# Harvesting



## cfh0636 (Jul 2, 2008)

Okay so I know my plants still have a couple more weeks to go before I can harvest them they're starting to bud now. My question is when will I know when they're ready. I know I can't exactly trust the feeding schedule 100% because some strains take longer to grow than others. It would be ridiculous to say that every plant has to grow in this amount of time. So when will I know when thye're mature enough to harvest?


----------



## massproducer (Jul 2, 2008)

harvest based on the trichs/crystals colour


----------



## Flyinghigh (Jul 2, 2008)

cfh0636 said:
			
		

> Okay so I know my plants still have a couple more weeks to go before I can harvest them they're starting to bud now. My question is when will I know when they're ready. I know I can't exactly trust the feeding schedule 100% because some strains take longer to grow than others. It would be ridiculous to say that every plant has to grow in this amount of time. So when will I know when thye're mature enough to harvest?


 
Go to radio shack and buy a pocket scope 60x100 and look at ur trichome on the leafs and if there clear there not ready and if there cloudy it almost time and if there amber then there done and from cloudy to amber is the Best High..


----------



## Hick (Jul 2, 2008)

I'll bet if I move this over to the ""Harvesting/curing" section, he'll find his answers there too.. 

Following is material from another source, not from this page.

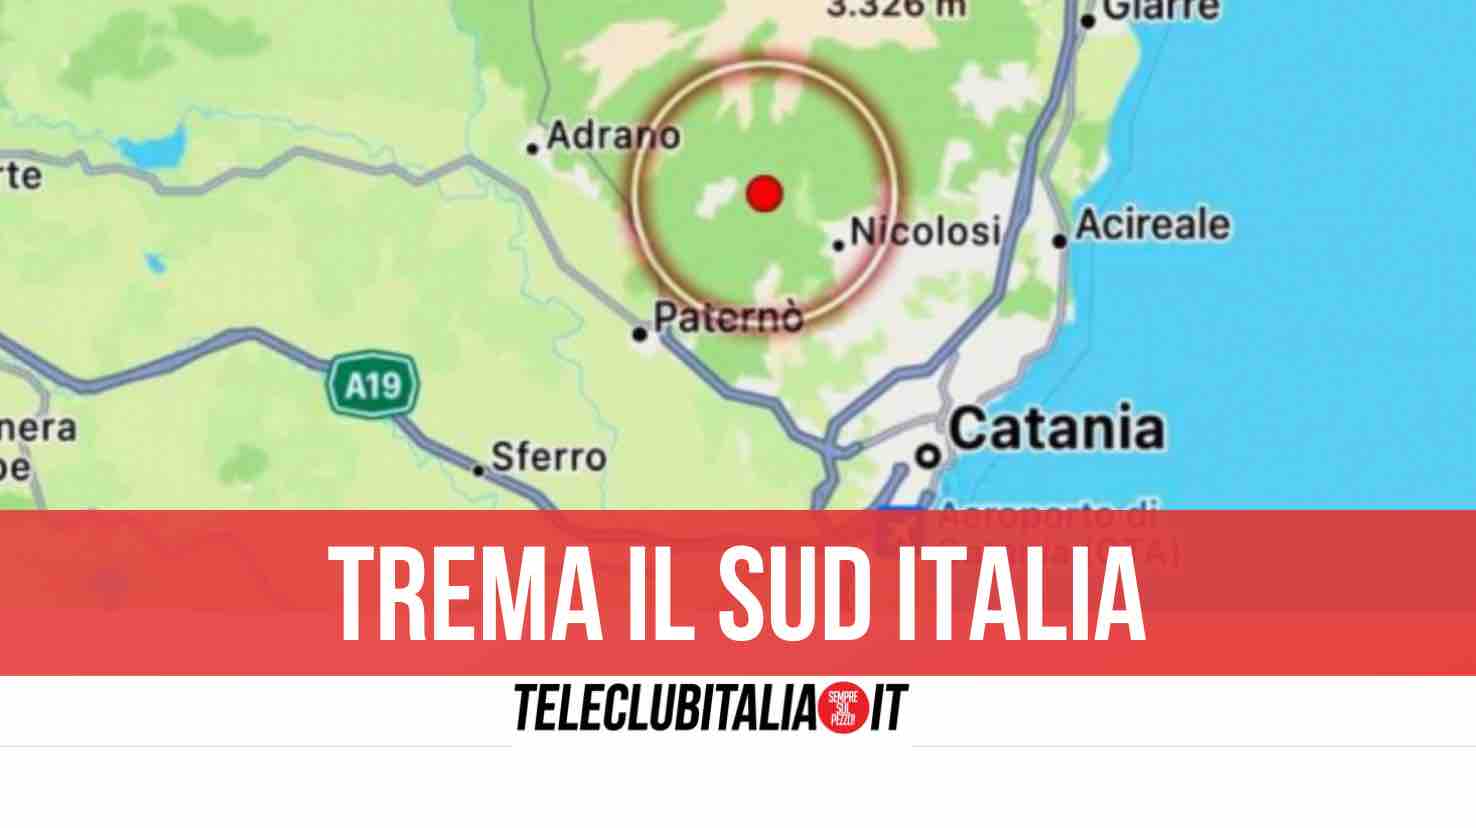 terremoto catania 18 marzo
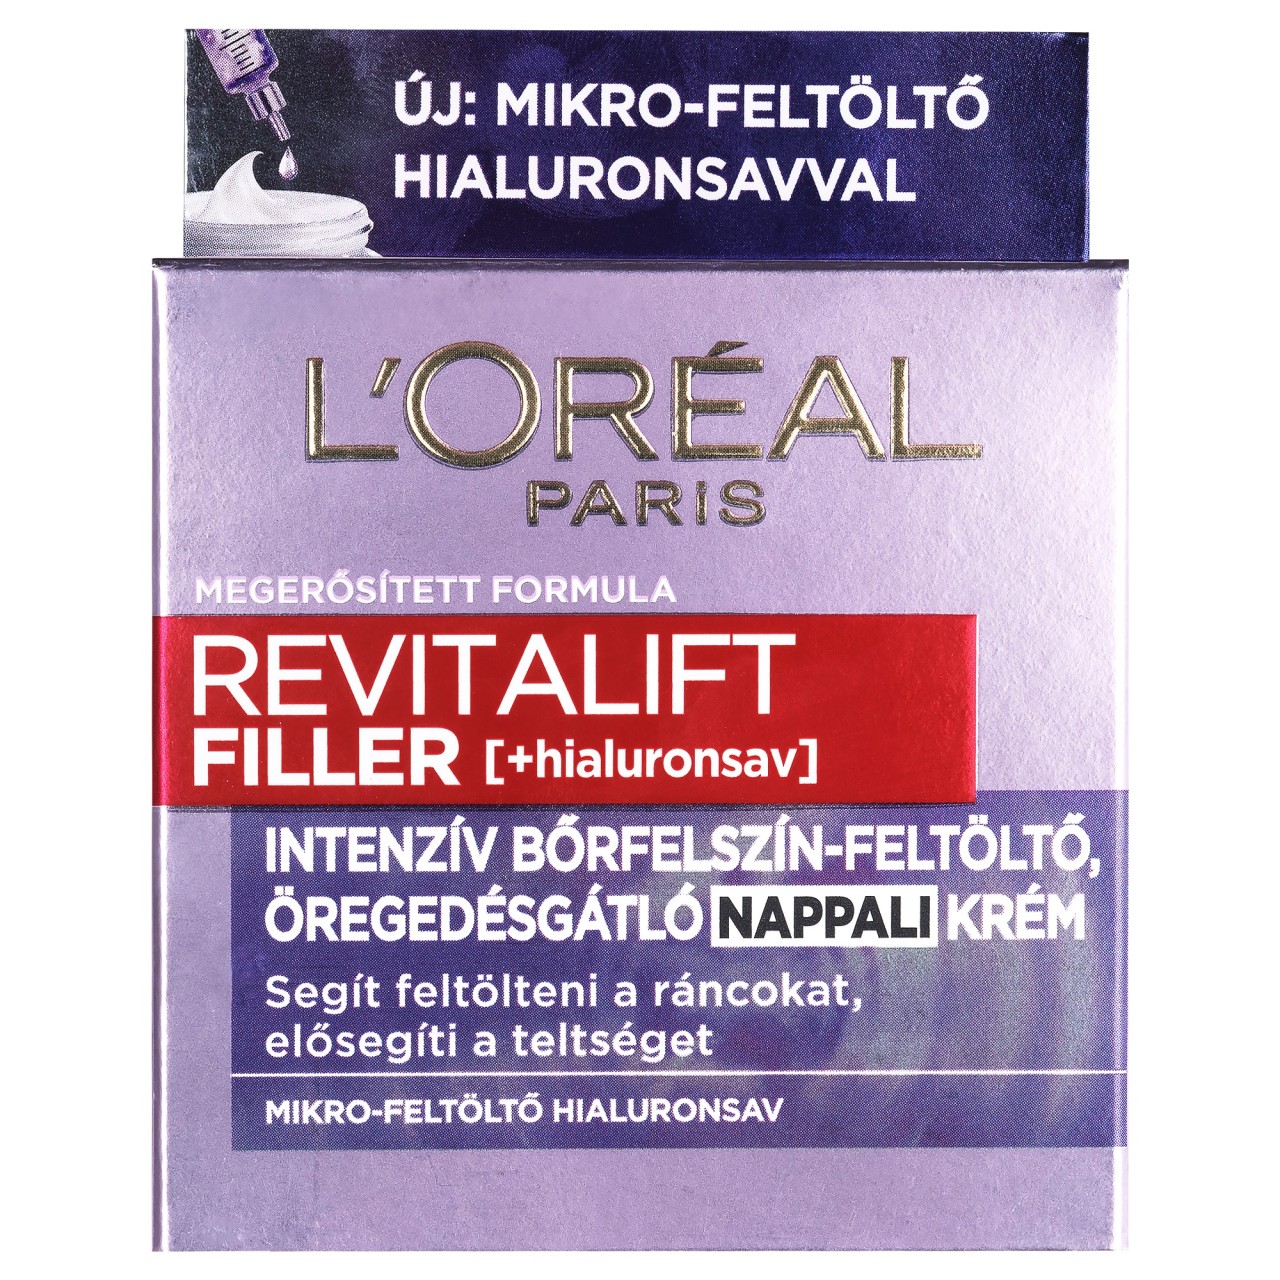 L'Oréal Paris Filler HA Bőrfeltöltő Arckrém

..hmmmm hope he finds the thread..


----------



## cfh0636 (Jul 3, 2008)

Haha yeah I found it. How much does one of those scopes cost?


----------



## Hick (Jul 4, 2008)

.  I hoped you would follow the trail  
the scopes are only about $10, it's finding them that seems to be difficult.


----------



## HippyInEngland (Jul 4, 2008)

cfh0636 said:
			
		

> Okay so I know my plants still have a couple more weeks to go before I can harvest them they're starting to bud now. My question is when will I know when they're ready. I know I can't exactly trust the feeding schedule 100% because some strains take longer to grow than others. It would be ridiculous to say that every plant has to grow in this amount of time. So when will I know when thye're mature enough to harvest?


 
*



my plants still have a couple more weeks to go before I can harvest them they're starting to bud now

Click to expand...

* 
If they are only starting to bud now, you have another 8 weeks or more to wait yet.


----------



## bigbudsbruddah (Jul 4, 2008)

Hick said:
			
		

> . I hoped you would follow the trail
> the scopes are only about $10, it's finding them that seems to be difficult.


 
Any Radio Shack has them. If they don't have them in the store ask them to order one for ya. Hope that helps.


----------



## widowmaker (Jul 4, 2008)

yea, mine costed 13 bucks


----------